One other note here is that Unitronic leaves the EPC fail safe on, so you'll see more EPC lights with Unitronic than others. That doesn't mean what's happening to trigger the EPC light isn't happening with other tuners, it's just means we hear about it more. I have overall seen timing correction issues on 91 octane maps from Canadian tuners (Eurodyne, Unitronic). My assumption is that their Canadian gas which they used for the 91 tune is better than our American 91 octane.

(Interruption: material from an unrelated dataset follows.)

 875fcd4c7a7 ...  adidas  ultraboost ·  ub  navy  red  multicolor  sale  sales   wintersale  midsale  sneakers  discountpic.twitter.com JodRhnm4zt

[LEAN AFR's]: While we'll cover AFR's more later, if your AFR's are overly lean, it also can cause premature detonation. You may have heard the term "rich is safe", and there's definitely some truth to that. I'll discuss in more detail later, but if your AFR's are > 14.5 while in boost (> 1 lambda), it's likely contributing to engine knock. Seeing 1.01 lambda isn't something to freak over, but 1.05 is definitely cause for concern. I've seen this issue pop up particularly with people that use cheap grocery store gas. When fuel is imperfect (e.g. water in the gas), the computer is having to make more adjustments to fuel trims. Many factors can cause adjustments to fuel trims, but typically when fuel trims are out of whack these overly learn conditions occur.

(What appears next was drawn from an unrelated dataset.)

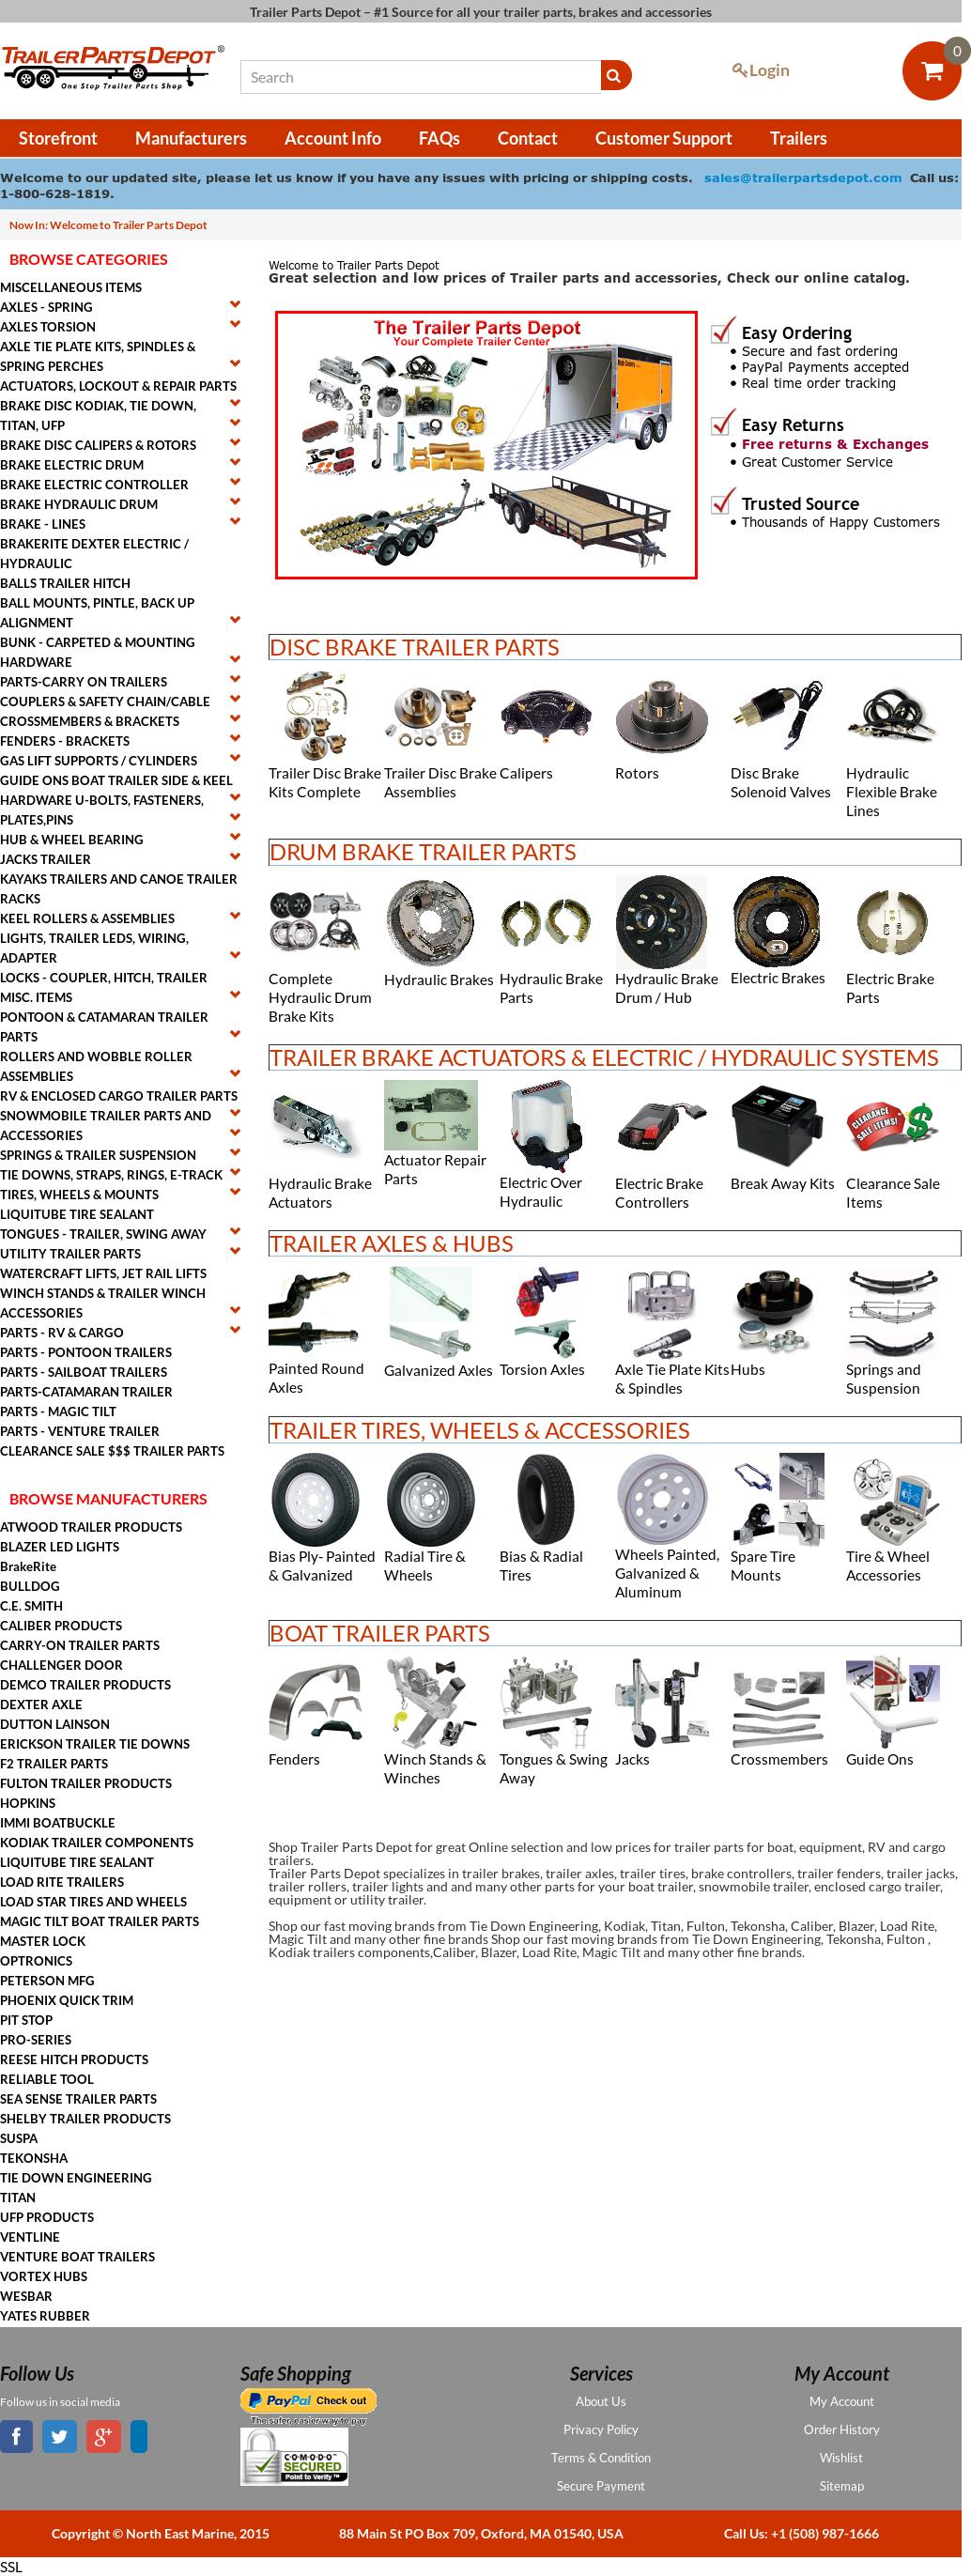 Centro Del Materasso Carmagnola.Trailer Parts Depot Competitors Revenue And Employees Owler

[IGNITION COMPONENTS]: If none of the above options seems to explain timing correction, it's time to start looking into hardware. It's also probable that a bad ignition component is causing an inconsistent spark. Start with spark plugs -- I recommend either factory NGK plugs, Denso IKH24, or Brisk ER12S. Keep in mind, If you have RS7 plugs, you can think of them as being "recalled". Lastly, you can try swapping out ignition coil packs. In my personal opinion -- don't waste your time upgrading to RS3 coilpacks. The stock ones work just fine and have made 11.1 second passes in the 1/4 mile.

Wrap up

Today we covered ignition timing. Hopefully you now have an idea of what timing advancement is, and how it helps make more power. We covered how to read the data logs, and when to start worrying about too much correction. We also worked through a number of possibilities for why timing correction is occurring. Next up -- boost!